Edward II was neither a warrior nor a leader of men. In 1327 he was deposed by his own mother and her lover Roger Mortimer and murdered shortly afterwards. His son, Edward III turned out to be better suited to the job.

Stirling Castle

No one knows who first claimed the rocky outcrop now surmounted by Stirling Castle, but it is such an obvious defensive point it must have attracted peoples now long-forgotten whose names were never written down.

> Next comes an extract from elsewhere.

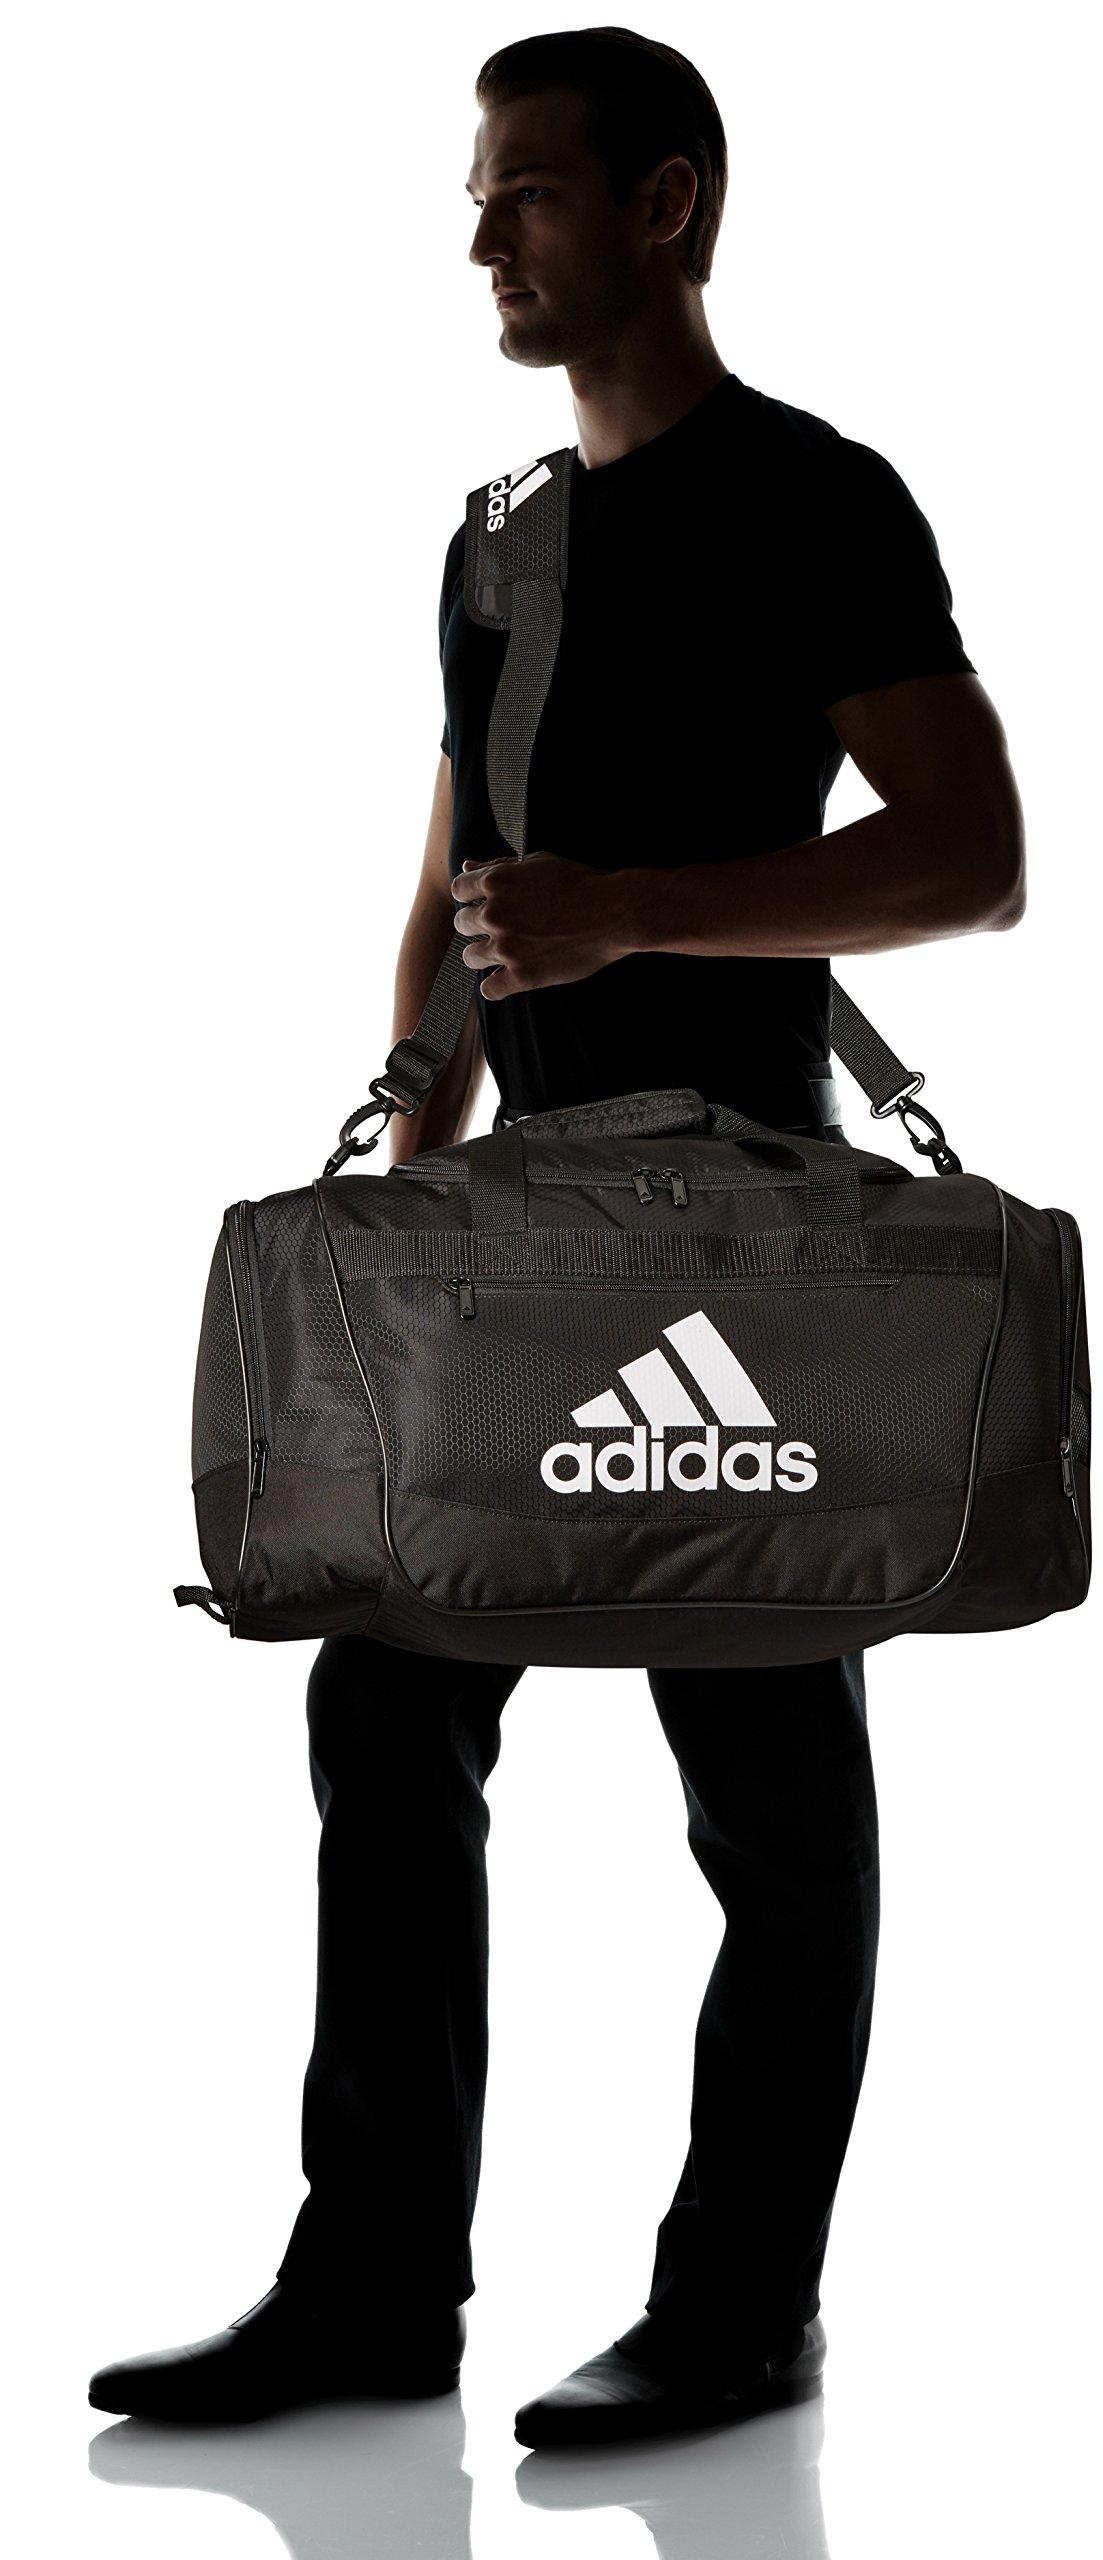 8d4815f9a13a adidas Defender III Duffel Bag - Walmart.com
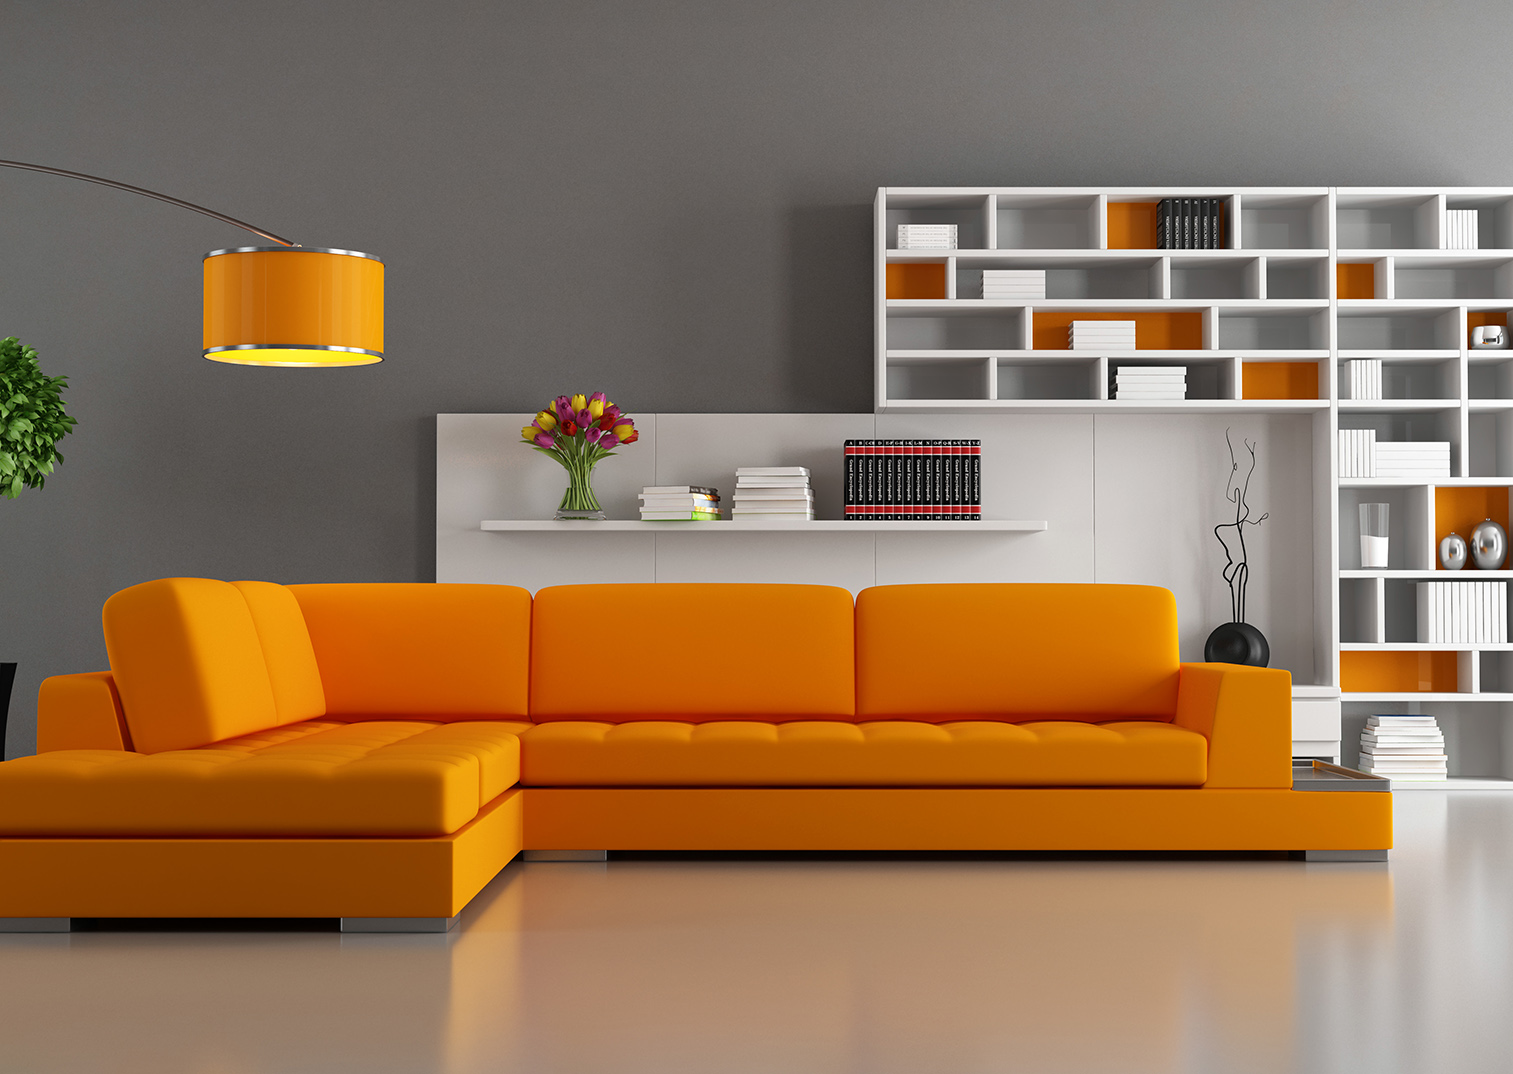 Tu tienda de muebles de verdad muebles casanova - Muebles casanova ...

From the plain the current buildings still look forbidding - Stirling Castle represented Colditz Castle in the opening shots of the 1970s TV series – but the outcrop is of the ‘crag and tail’ variety. The older parts of the city spread down the tail and as we walked up the main street the city would have merged into the castle were there not a gate and a young woman checking tickets.

Most surviving structures are from the 15th and 16th centuries. Some are a little older, others younger and the ‘outer defences’ beyond the town gate, are 18th century and now enclose a garden showing how the castle eventually morphed into a palace.

Inside the Outer Defences, Stirling Castle

To the southwest is the Kings Knot, a 12th century park once used for jousting, hawking and hunting. In the 1490s, James IV planted fruit trees, flowers and ornamental hedges, and the earthwork was constructed for the Scottish coronation of Charles I’s in 1633. Stirling Heritage Trust say the most impressive view of the castle is from this earthwork.

The King's Knott by Stirling Castle

The castle’s first appearance in written record was surprisingly late when King Alexander I dedicated a chapel here in 1110. Stirling became a Royal Burgh and an administrative centre in the reign of Alexander’s successor (and brother) David I (r1124-53).

Being situated at almost the narrowest part of Scotland with the Highlands to the north and the Lowlands to the south, Stirling’s strategic importance led to the saying, ‘he who holds Stirling holds Scotland.’ The Castle has thus been besieged seven times, most frequently during the wars with Edward I of England, and most recently by Charle Edward Stuart in 1745 during his abortive attempt to regain the crown for the Stuarts.

Through a gate…

Into the Inner Ward, Stirling Castle

…we entered an older section of the castle, though more Stuart than medieval.

In the inner ward, Stirling Castle

Inside there was a minstrel to pluck a tune on his lute to accompany our visit.

Minstrel, Stirling Castle

We admired the tapestries…

Tapestries, Stirling Castle

…. and the queen’s bedchamber. She did not sleep here, she had a smaller, more personal room behind, this one was just for show.

Queens Bedchamber, Stirling Castle

The Stirling Heads – 16th century medallions, a metre in diameter, with carvings of kings, queens, nobles, Roman emperors, biblical figures and characters from classical mythology - decorated the palace ceilings until a collapse in 1777.

One of the Stirling Heads

Back outside we approached the North Gate, in part dating from the 1380s making it the oldest structure in the castle.

The North Gate, Stirling Castle

And so our castle visit came to an end.

The Maharajah

Like many Scottish towns Stirling has many restaurants opening 10.00 to 5.00 pm for coffee, lunch and tea, but surprisingly few offer dinner. Eating out on a Friday night requires booking, and doing so earlier than we did.

However, we had exhausted the delights of the hotel menu, and The Maharajah may have maintained a low profile on the internet and local guides, but it was just across the road. Small Indian restaurants are very variable and we had no local knowledge, but we decided to chance our luck. And lucky we were, The Maharajah fed us well, so now we have local knowledge I can advise travellers searching for an evening meal in Stirling to visit the Maharajah.

The Maharajah, Stirling

I was not surprised by the number of cyclists coming in carrying the distinctive boxes of Deliveroo and its competitors, they soon loaded up and peddled off, but what surprised me was that most were not youngsters but men in their 50s or 60s’

The End

So our 2022 Scottish sojourn ended with our best meal out since our first night in Glasgow. The next day we made the long drive home.